Immunofluorescence was used to identify the NSCs in conjunction with specific markers Nestin, Sox 2 (sex determining region Y–box 2) and Pax 6 (paired box protein Pax-6). NSCs were seeded onto 100 μg/ml poly-L-lysine-coated coverslips and allowed to incubate for 24 h. The cells were then fixed with 4% paraformaldehyde for 10 min and washed three times in PBS buffer. The cells were permeabilized with 0.125% Triton X-100 for 10 min and then washed three times in PBS buffer. The cells were then blocked with 10% normal goat serum for 30 min. Mouse NSCs were then incubated with Nestin, Sox 2 and Pax 6 antibodies in a humidified chamber at 4°C overnight.

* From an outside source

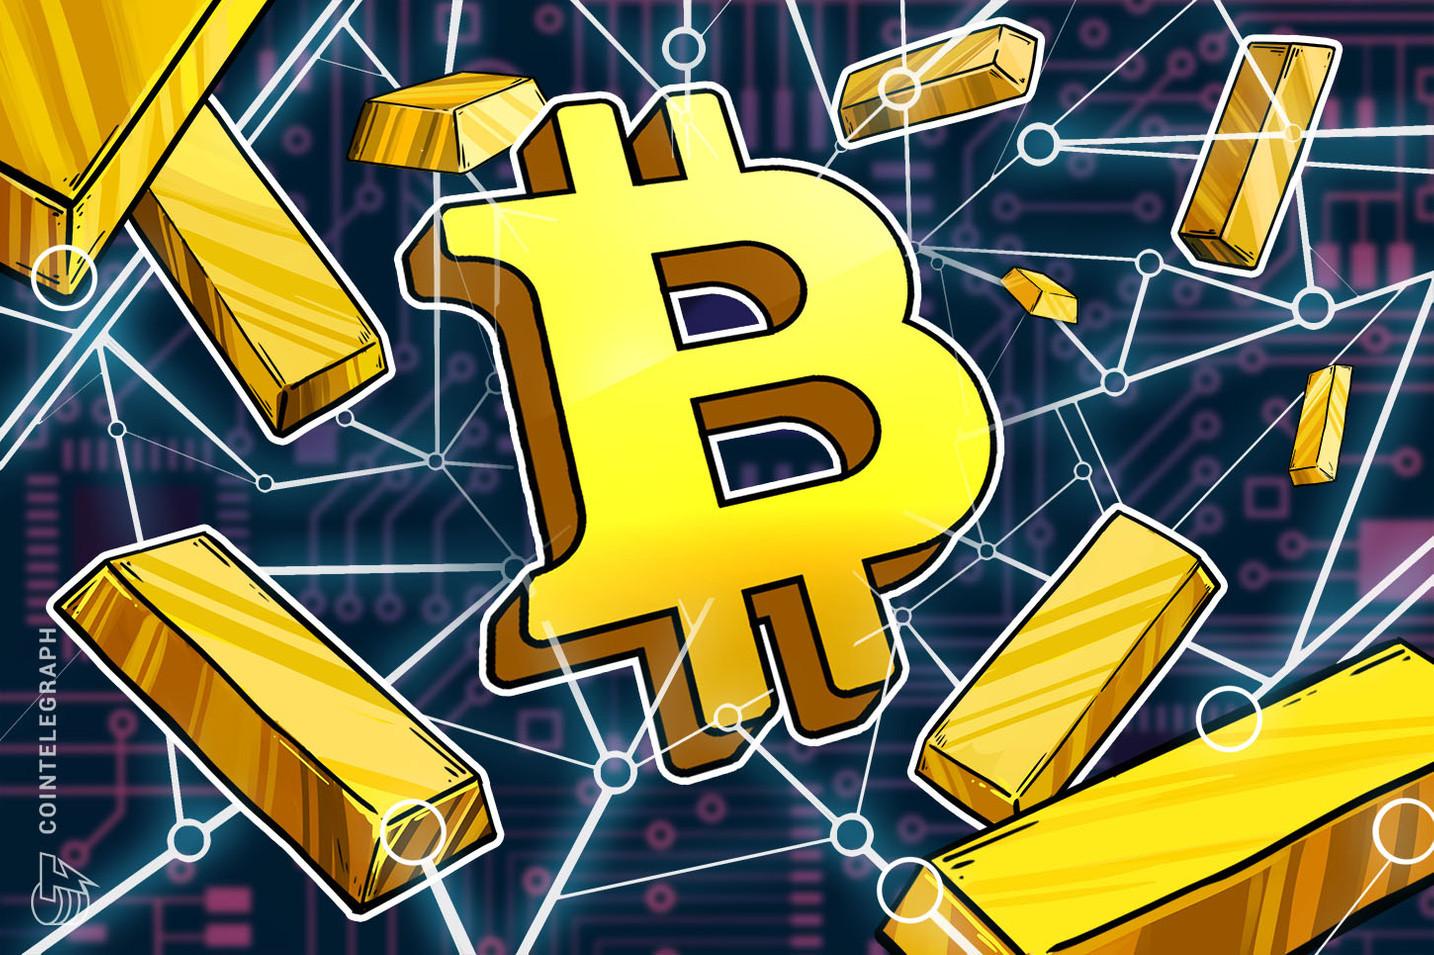 """Bitcoin 11.000 doları aştı - """"Ons altın 4.000 dolar olur"""" yorumu geldi"""

After three PBS buffer washes, the cells were incubated with Cy5.5-labelled secondary antibodies at room temperature for 1 h, the cells were rinsed three times with PBS buffer. Finally, nuclei were labelled by incubating with DAPI (Sigma). The cells were examined using a phase-contrast fluorescence microscope (Olympus).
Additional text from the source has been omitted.